Problem to solve: Could you repeat every line below exactly, skipping the images?
======== Source data
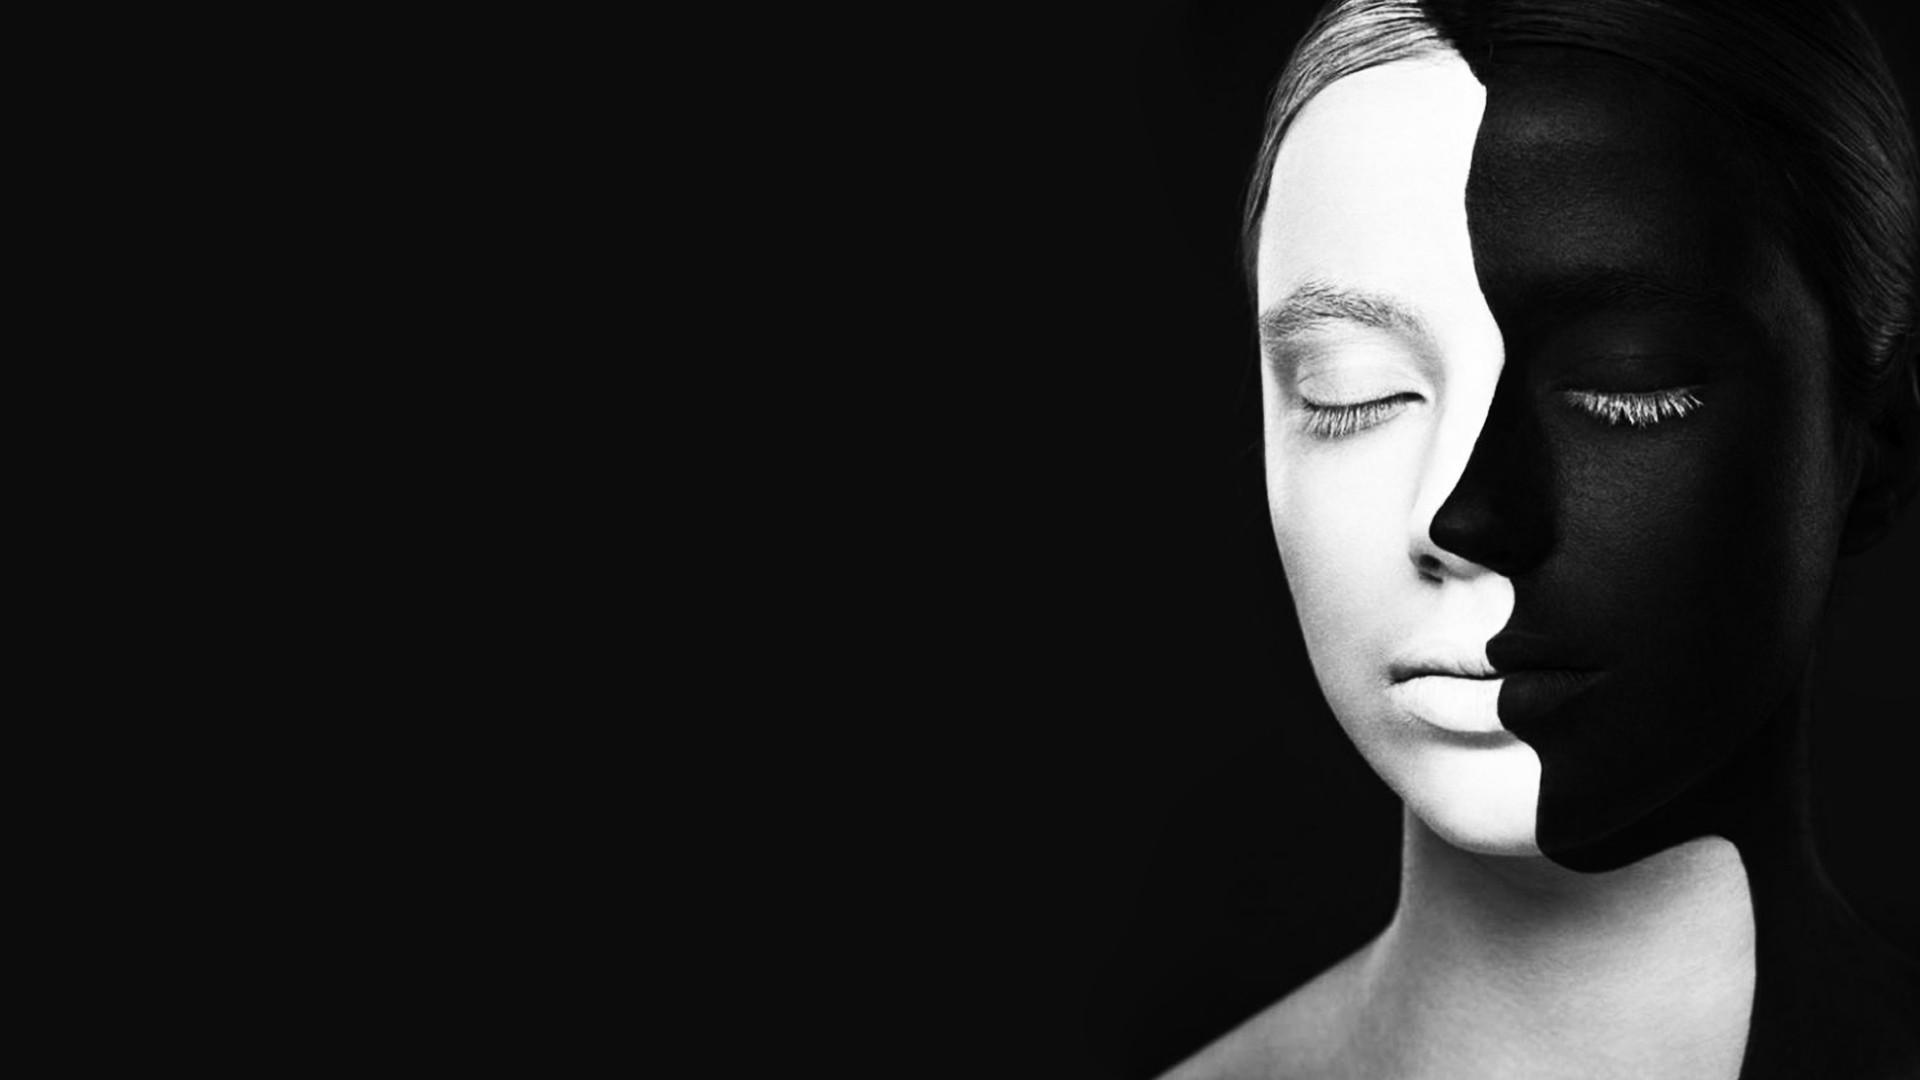 Wallpaper Face Women Model Black Background Looking: Wallpaper : Face, Women, Model, Black Background, Closed
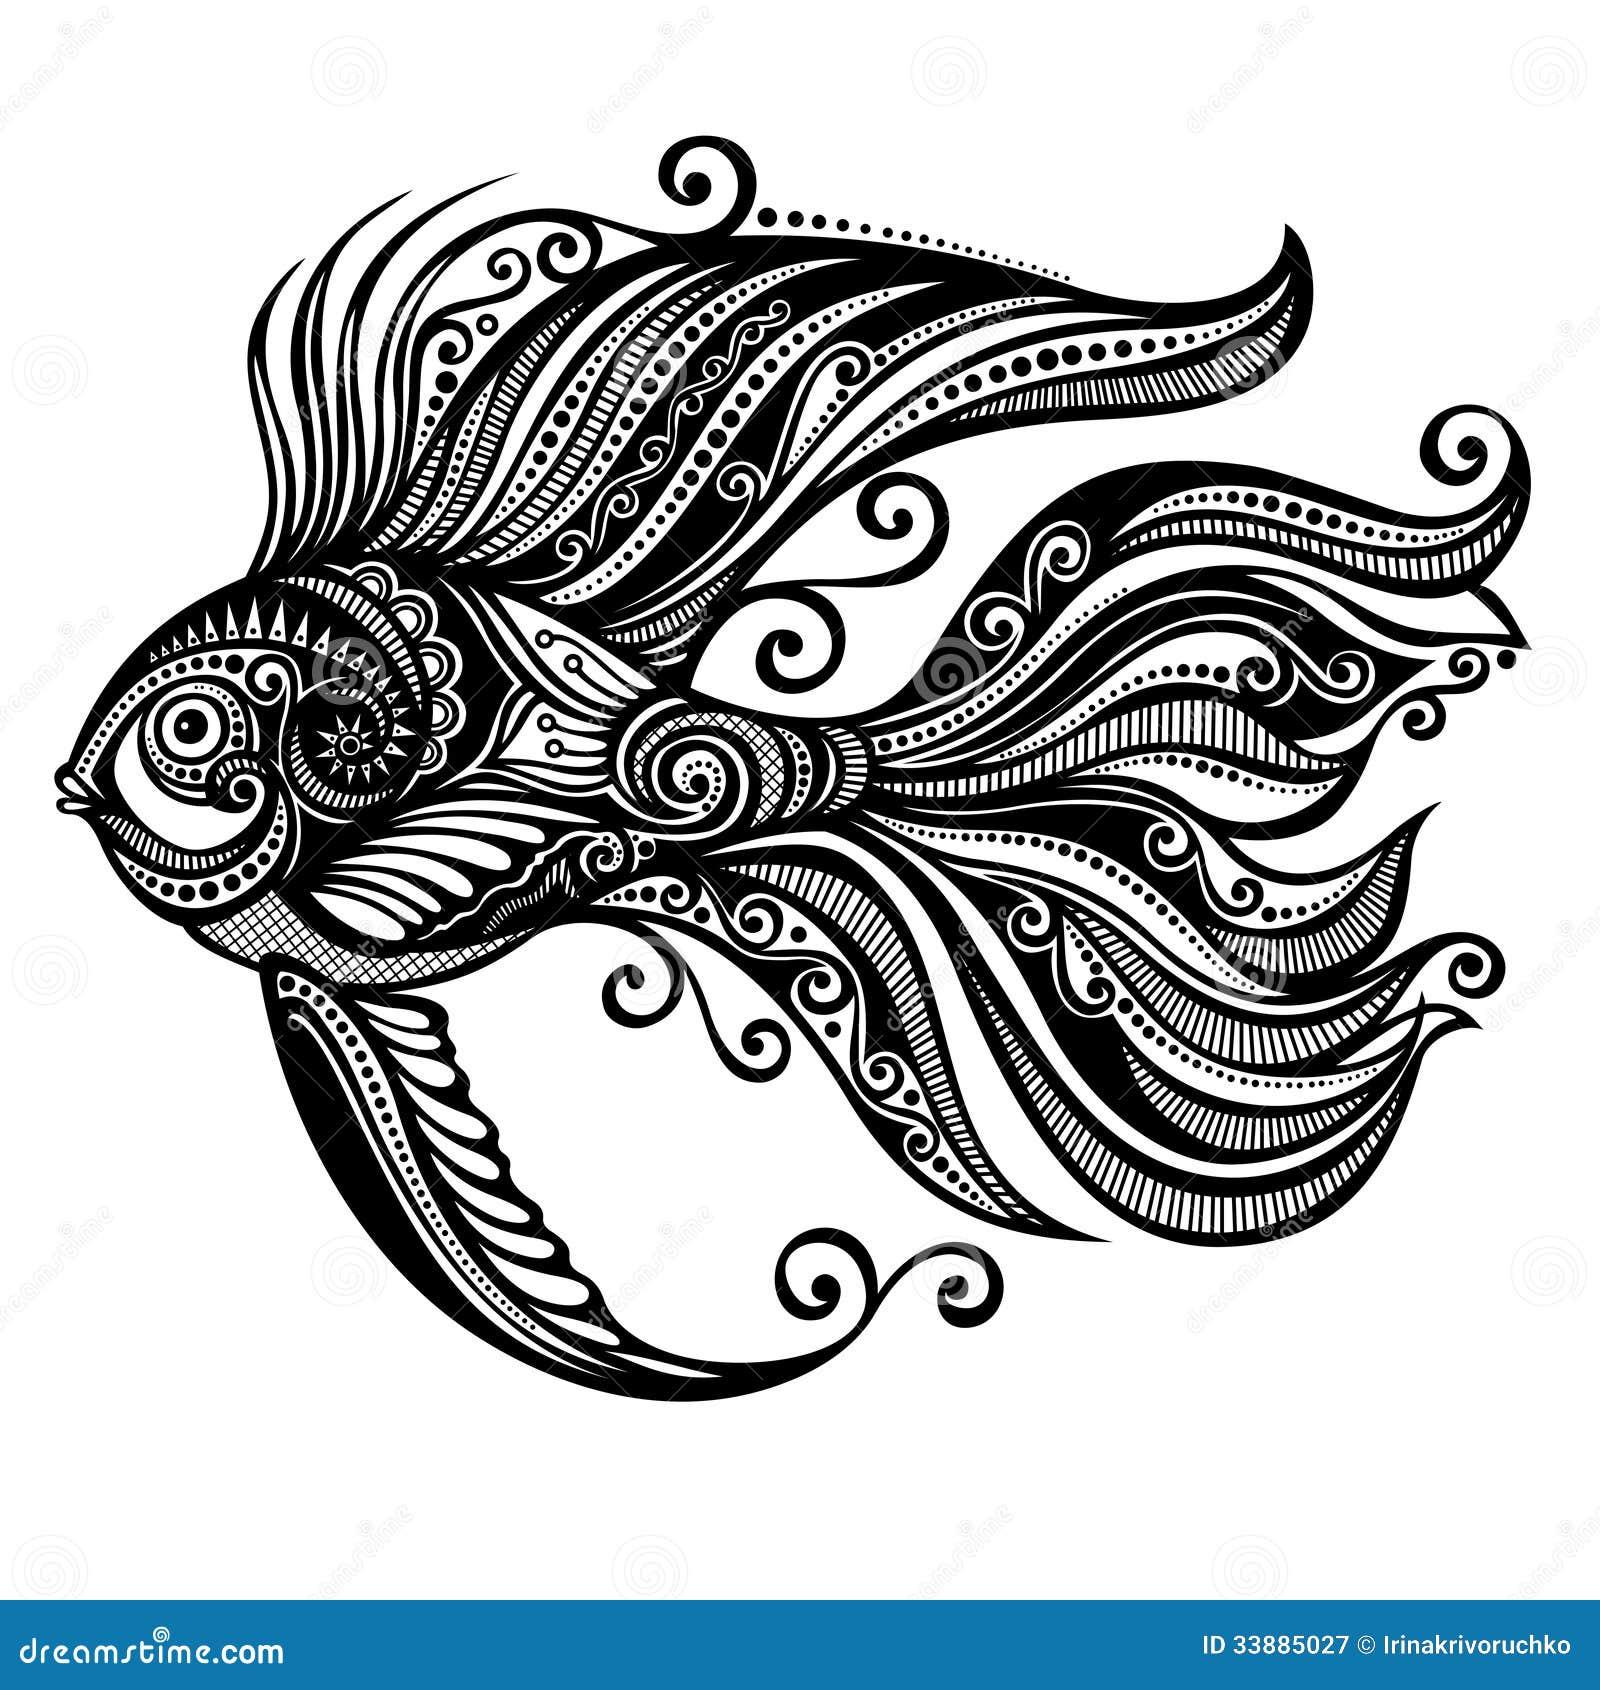 Abstract fish designs - photo#4
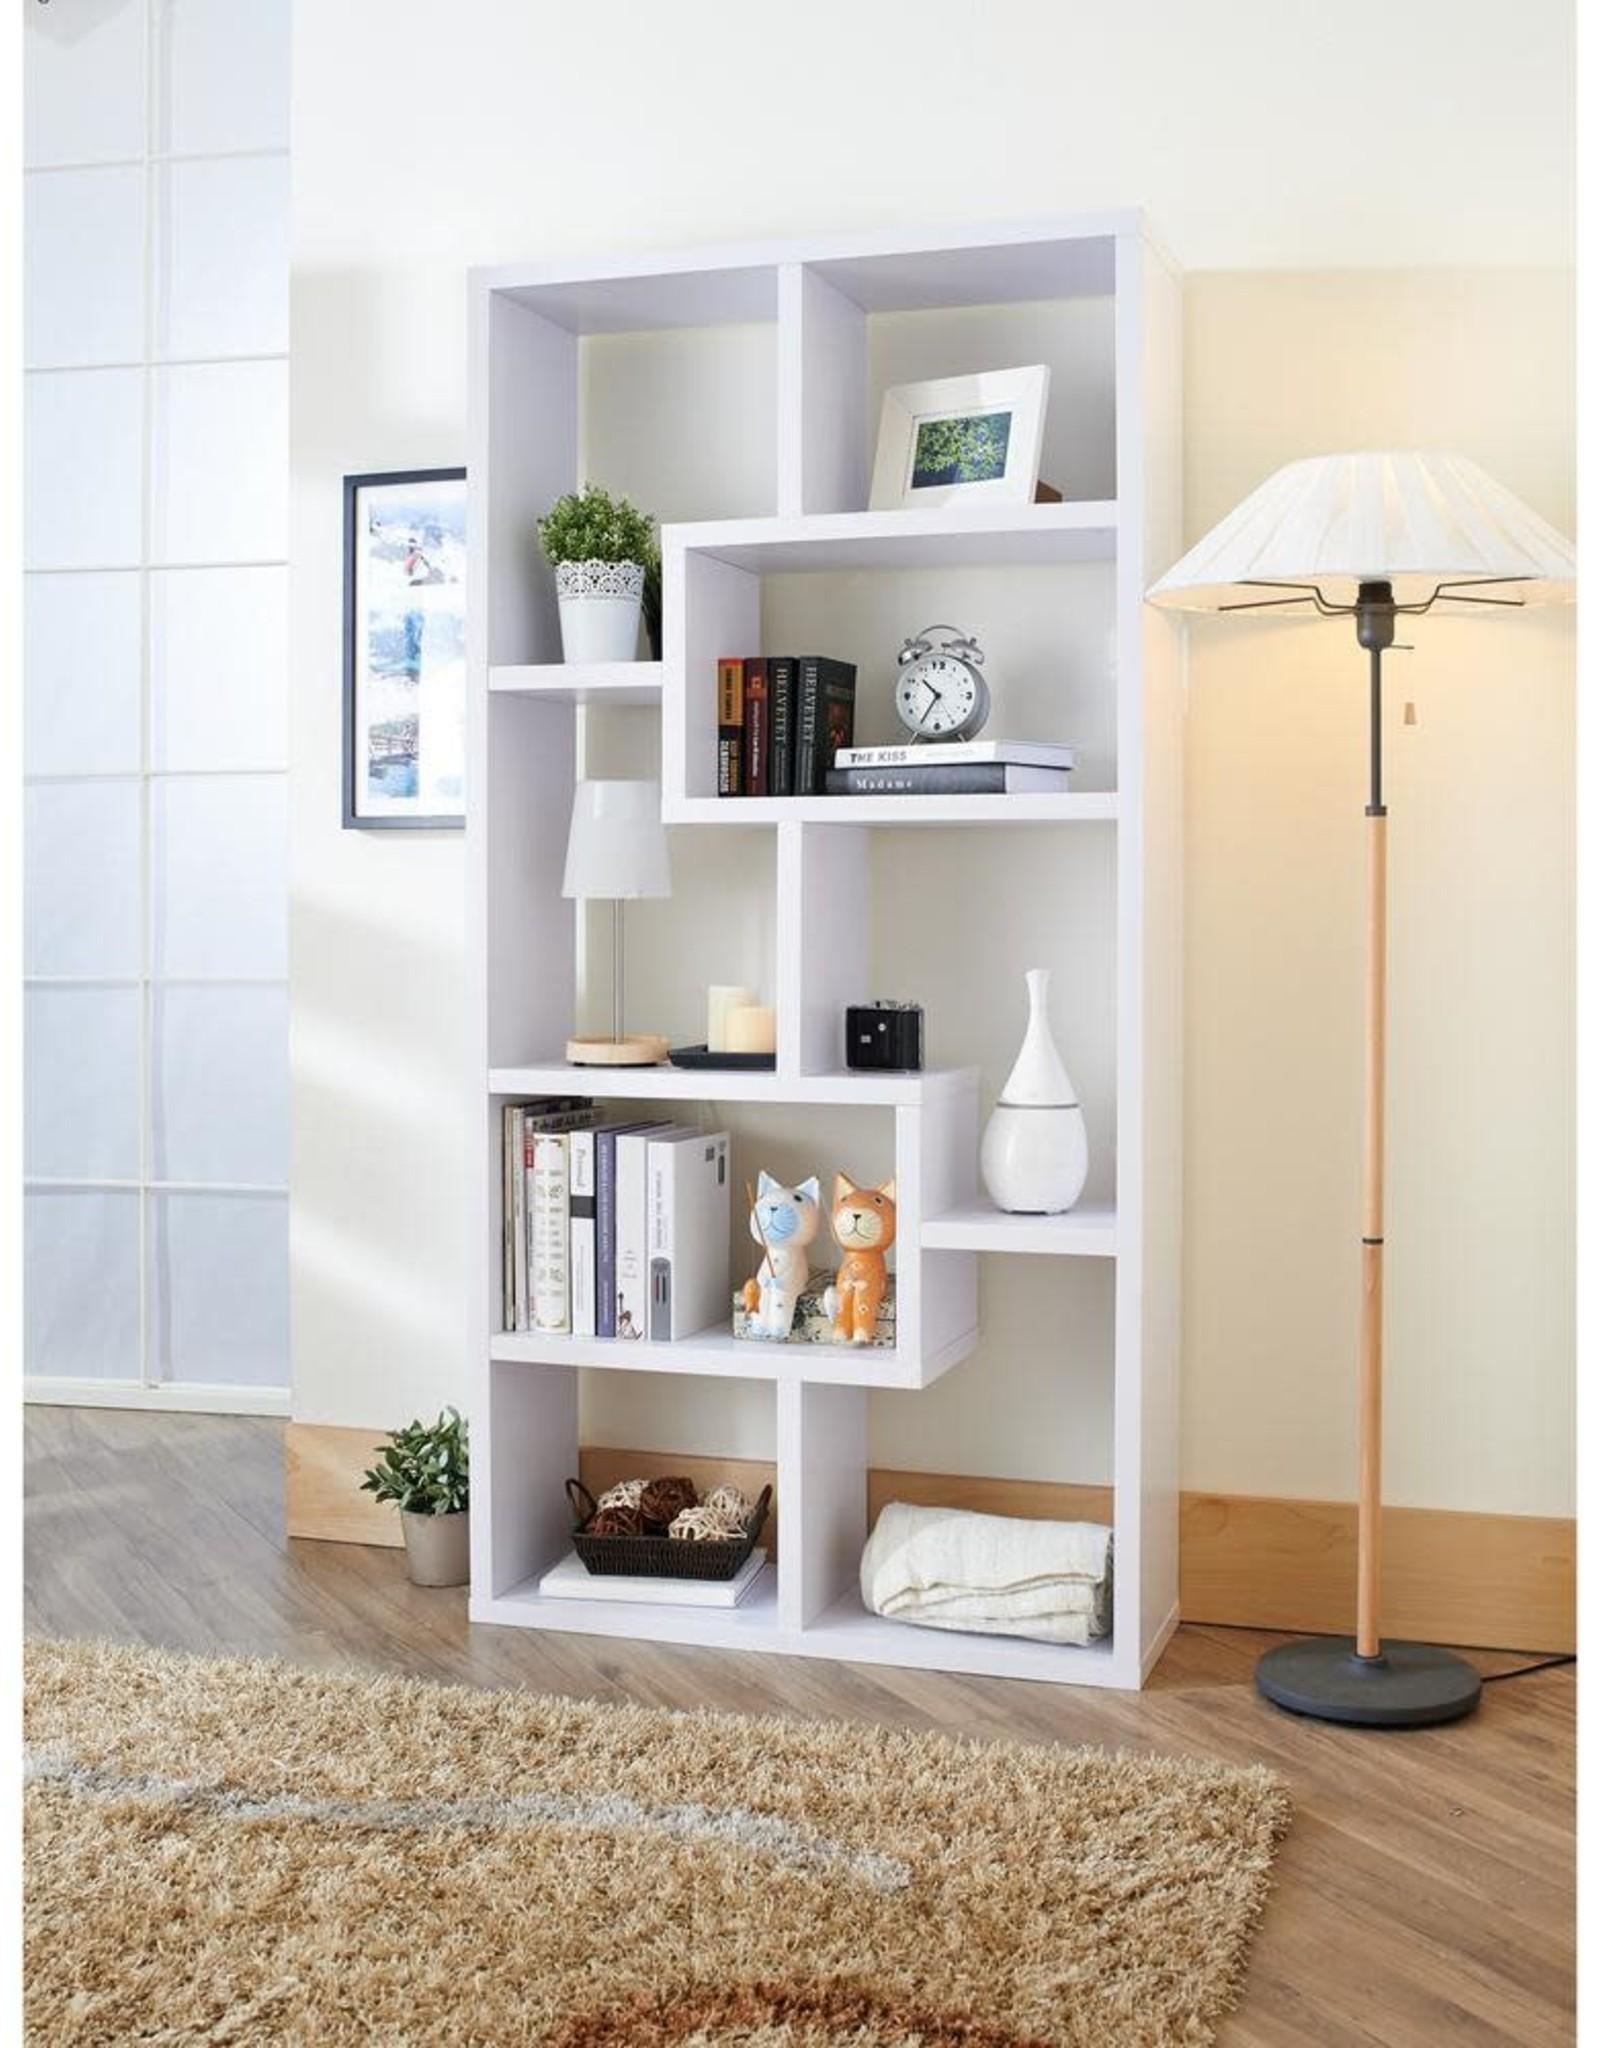 Furniture of America Dore 71 in. White Wood 8-shelf Standard Bookcase with Open Back
================
Problem solution:
 Wallpaper Face Women Model Black Background Looking: Wallpaper : Face, Women, Model, Black Background, Closed
 Abstract fish designs - photo#4
 Furniture of America Dore 71 in. White Wood 8-shelf Standard Bookcase with Open Back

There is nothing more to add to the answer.